Y así es. Según datos oficiales publicados por el Ministerio de Asuntos Económicos, estos 10.000 millones se sumarán a los 140.000 que se habilitaron durante pandemia –un primer paquete de 100.000 millones y un segundo de 40.000–. Del montante total, Economía reconoce que no se ha agotado todo el crédito disponible, ya que hasta la fecha se autorizaron casi 103.800 millones de euros. Por tanto, aún quedarían en caja otros 36.000 millones que no se concedieron –28.900 millones de la línea de inversión y 7.300 millones del apartado de liquidez–, ya que la demanda se redujo considerablemente desde mediados del año pasado. «Aún así, bienvenidos sean», celebraron las mismas fuentes.

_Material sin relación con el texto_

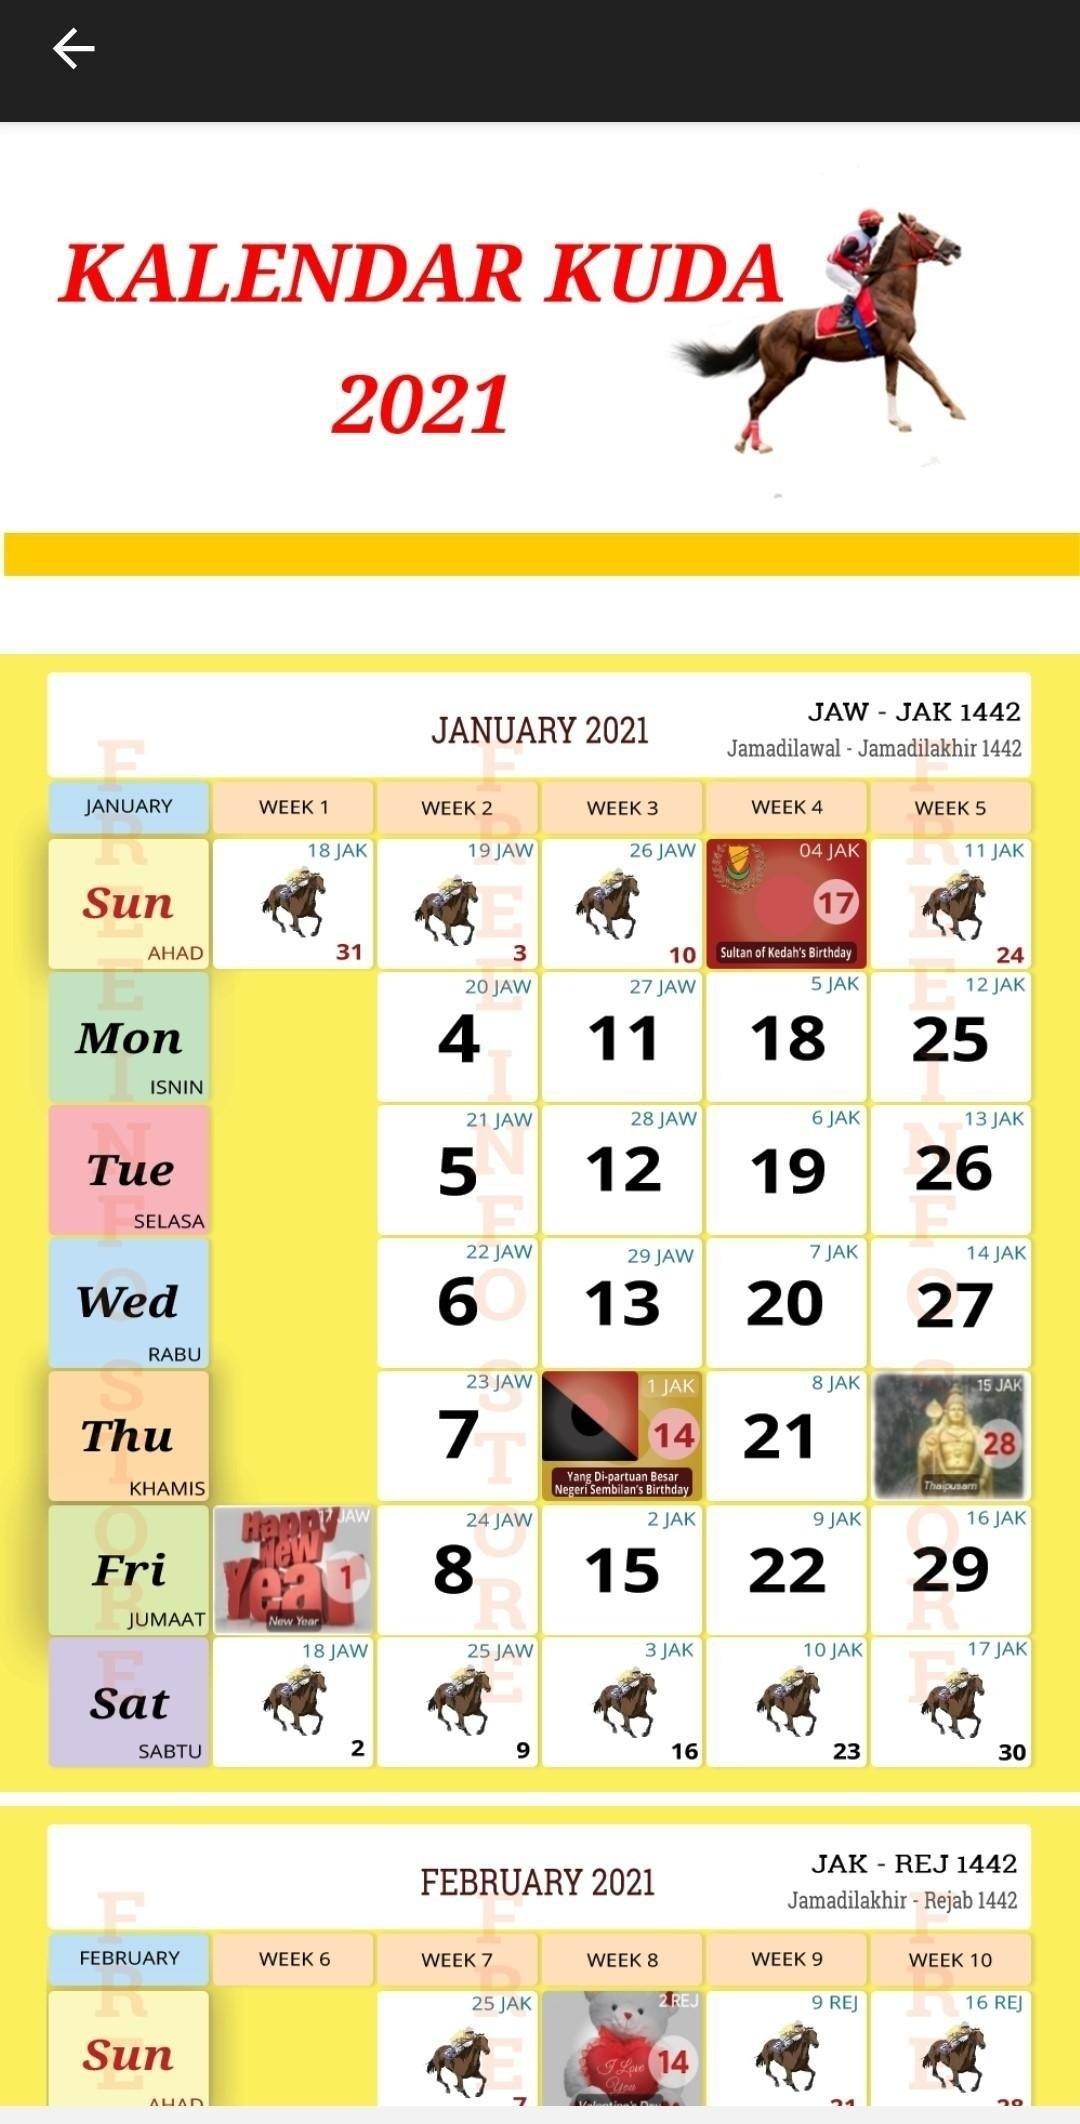 Kuda 2021 Calender | Month Calendar Printable for Kalender 2021 Malaysia Cuti Sekolah Graphics

El Plan Nacional de Respuesta al Impacto de la Guerra recoge un conjunto de medidas «que van a servir para proteger a los sectores y ciudadanos más afectados, para repartir de forma justa los efectos de la guerra y para preservar al máximo la senda de crecimiento y de creación de empleo», explicó Sánchez ante los empresarios más importantes del país. La principales medidas se agrupan en cinco bloques principales.

Medidas sociales

Habrá una bonificación mínima de 20 céntimos para todos los ciudadanos por litro en los carburantes. Se aplicará una rebaja de 15 céntimos, mientras que las petroleras establecerán un mínimo de 5 céntimos. El Ejecutivo prohibirá que se realice el despido procedente indemnizado a una persona con 20 días por año trabajado y, además, se establecerá un mandato de mantenimiento del empleo para las empresas que acudan a los ERTE. Habrá un límite máximo del 2% de subida de alquiler , el Ingreso Mínimo aumentará un 15% durante los próximos tres meses y el bono social eléctrico se extiende a 600.000 familias. Además, se prórroga la rebaja impositiva en la factura de la luz, del 10% del IVA para los pequeños consumidores, al 0,5% el impuesto especial a la electricidad y la suspensión del impuesto a la generación eléctrica.

Medidas para empresas

Se habilitará la citada línea de avales de créditos ICO por 10.000 millones y se alargará durante tres meses el plazo de vencimiento de estos préstamos avalados por el Estado, así como el plazo de carencia para los sectores más afectados. También habrá ayudas de 430 millones a la agricultura, ganadería y pesca y 500 millones para la industria electrointensiva. Se dispondrá de ayudas adicionales para el sector industrial, el exportador y el de la cultura, pero no se han concretado.

Medidas al transporte

Habrá una inyección de más de 1.000 millones en ayudas directas; rebaja mínima de 20 céntimos por litro de combustible; 450 millones de euros para ayudas directas a las empresas de transporte de mercancías y de pasajeros, que se elevará a los 1.250 euros a camiones, si es un autobús serán 900, 500 euros por furgoneta y 300 euros por taxi, VTC o ambulancia. Se reducirá el plazo de devolución del impuesto sobre hidrocarburos. En vez de tres meses se hará en un plazo de un mes.

Medidas energéticas

Se aprobarán medidas excepcionales y temporales para fijar el precio del gas, cuya cuantía por el momento no se ha detallado, y se actualizará el régimen retributivo, que será específico de la producción de energía eléctrica a partir de fuentes de energía renovables, cogeneración y residuos, por 1.800 millones. Habrá extensión del mecanismo para reducir exceso de beneficios del mercado eléctrico.

Medidas en ciberseguridad

Se activará un plan nacional de ciberseguridad, que contará con más de 150 actuaciones esenciales y estará dotado con más de 1.000 millones, se constituirá un centro de operaciones de ciberseguridad de la Administración General del Estado y de sus organismos públicos y se fortalecerá la seguridad de las nuevas redes de comunicaciones electrónicas 5G.